During the first six months of 2004, Group turnover remained practically unchanged over last year at Lm27 million. Revenue from fixed line continued to decrease due to the pressures from VOIP technology and the continuing migration to mobile telephony. However, this was compensated for by increases in turnover registered by Go Mobile and the other subsidiaries, mainly Datastream. Cost of sales increased by 7.7% to Lm15 million, mainly as a result of a one-off item of expenditure at Company level and other costs as subsidiary level necessary to retain their market share in an increasingly competitive environment. The Group gross margin dropped by 8.8% to Lm11.9 million, resulting in a margin of 44.3% from 48.4% in June 2003.
Earnings before interest, tax, depreciation, and amortisation (EBITDA) – a very important measure in the telecommunications industry due to the high depreciation charges – amounted to Lm11.4 million compared to Lm12.2 million in the first six months of last year. This translates into an EBITDA margin of 42.2% (2003: 45.2%), still a very good margin when compared to foreign telecoms operators.

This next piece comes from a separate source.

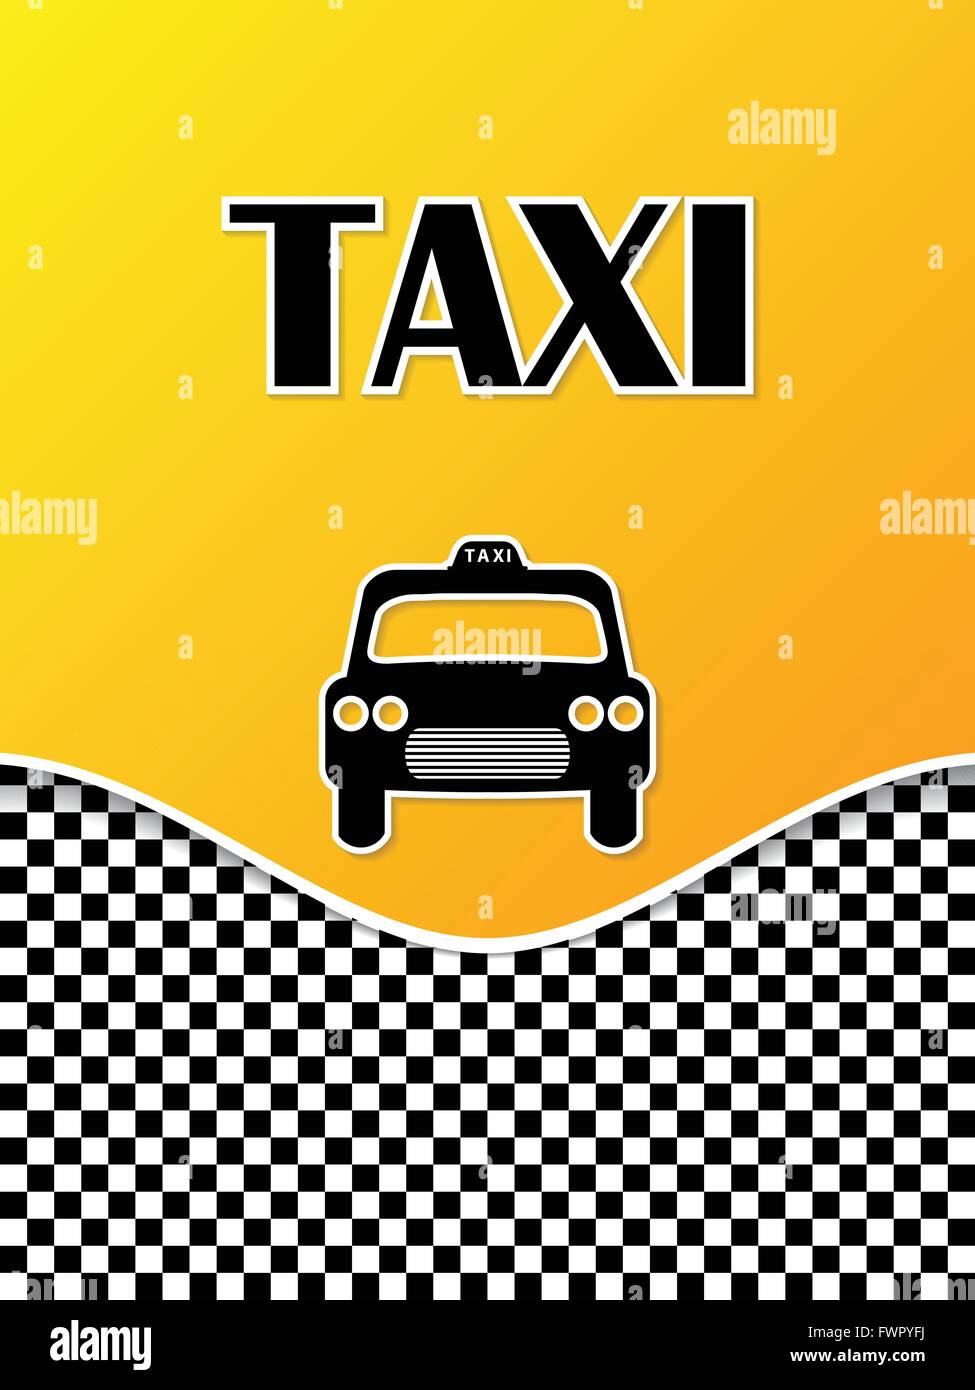 Cab Template

Administrative and distribution expenses increased marginally by 1.9% to Lm5.2 million. Group operating profit before exceptional items amounted to Lm6.6 million compared to Lm7.7 million in 2003. However from the 2003 figure one must deduct an amount of Lm720,000 which relates to the compromise agreement with Vodafone Malta Ltd. last year to settle some long outstanding disputes. As such, Group operating profit before exceptional items dropped by Lm432,000 over last year.

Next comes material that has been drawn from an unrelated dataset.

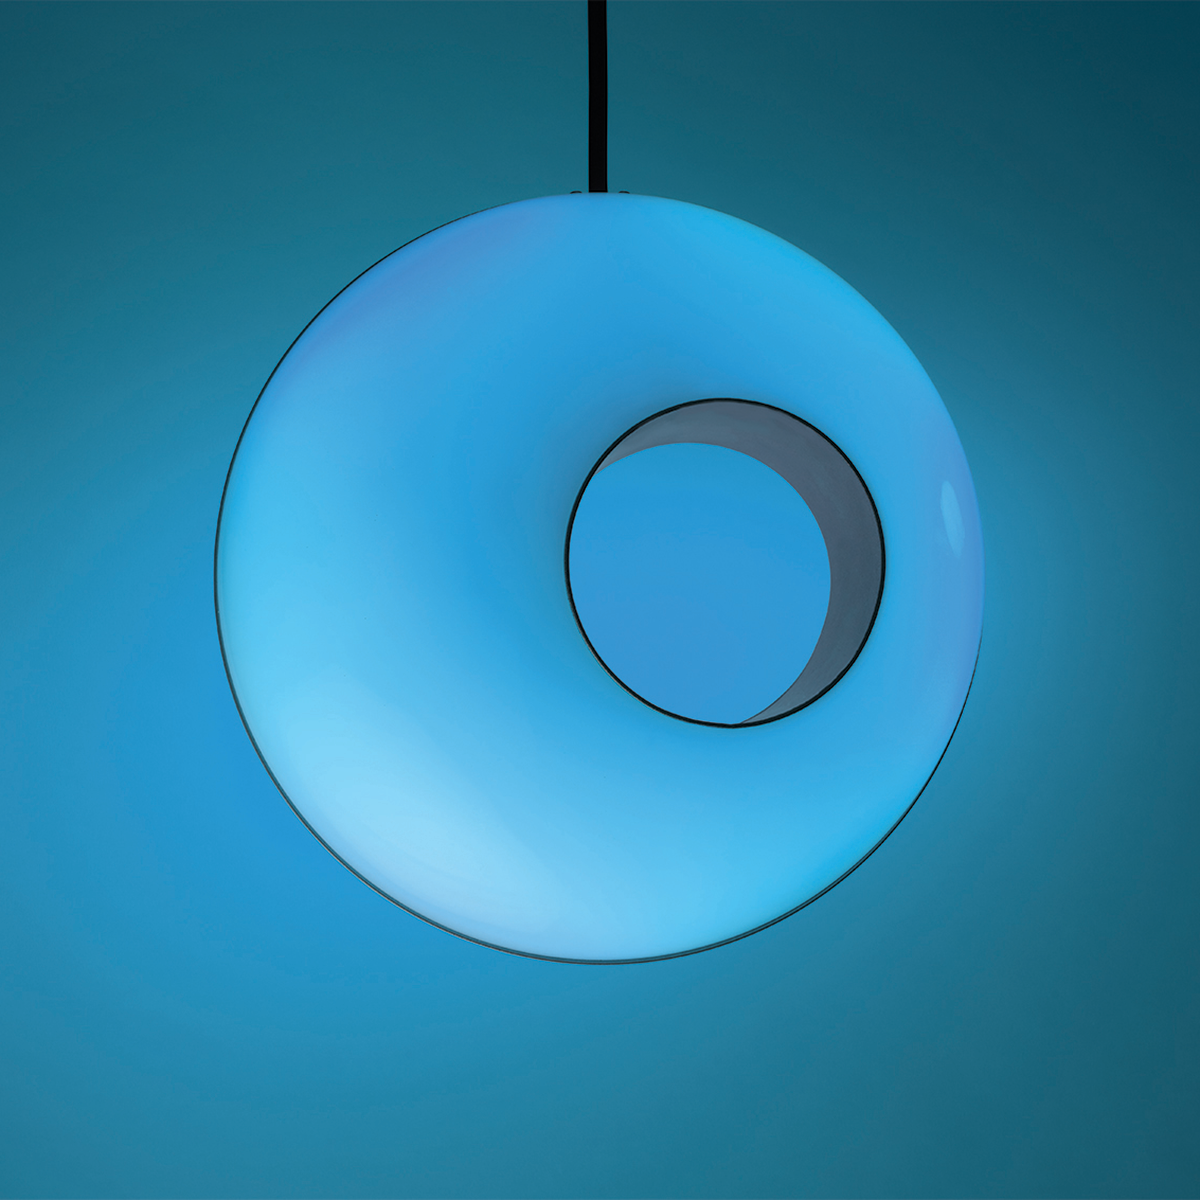 RGB globe pendant light shown in Blue.

The exceptional item of Lm2.3 million last year relates to VAT in dispute. This amount had been paid under protest by the end of December 2003. The dispute is, however still ongoing with the VAT Appeals Board.
The Group’s profit before tax for the first six months of the year increased by 25.4% to Lm6.2 million. After accounting for taxation, profit for the period under review amounted to Lm4.1 million compared to Lm3.3 million in the same six months of last year. The Group’s earnings per share taking account of last year’s exceptional items increased by 25% to 4c0 per share. Excluding the exceptional items Group earnings per share dropped from 5c4 to 4c0.
Total assets as at the end of June 2004 stood at Lm125.3 million with shareholders' funds at Lm76.8 million, resulting in a book value per share of 75.8 cents. Maltacom's net debt continued to decrease and at the end of June amounted to Lm11.8 million compared to Lm24.6 million in June 2003. The gearing ratio therefore dropped from 36.1% in June 2003 to 15.4%.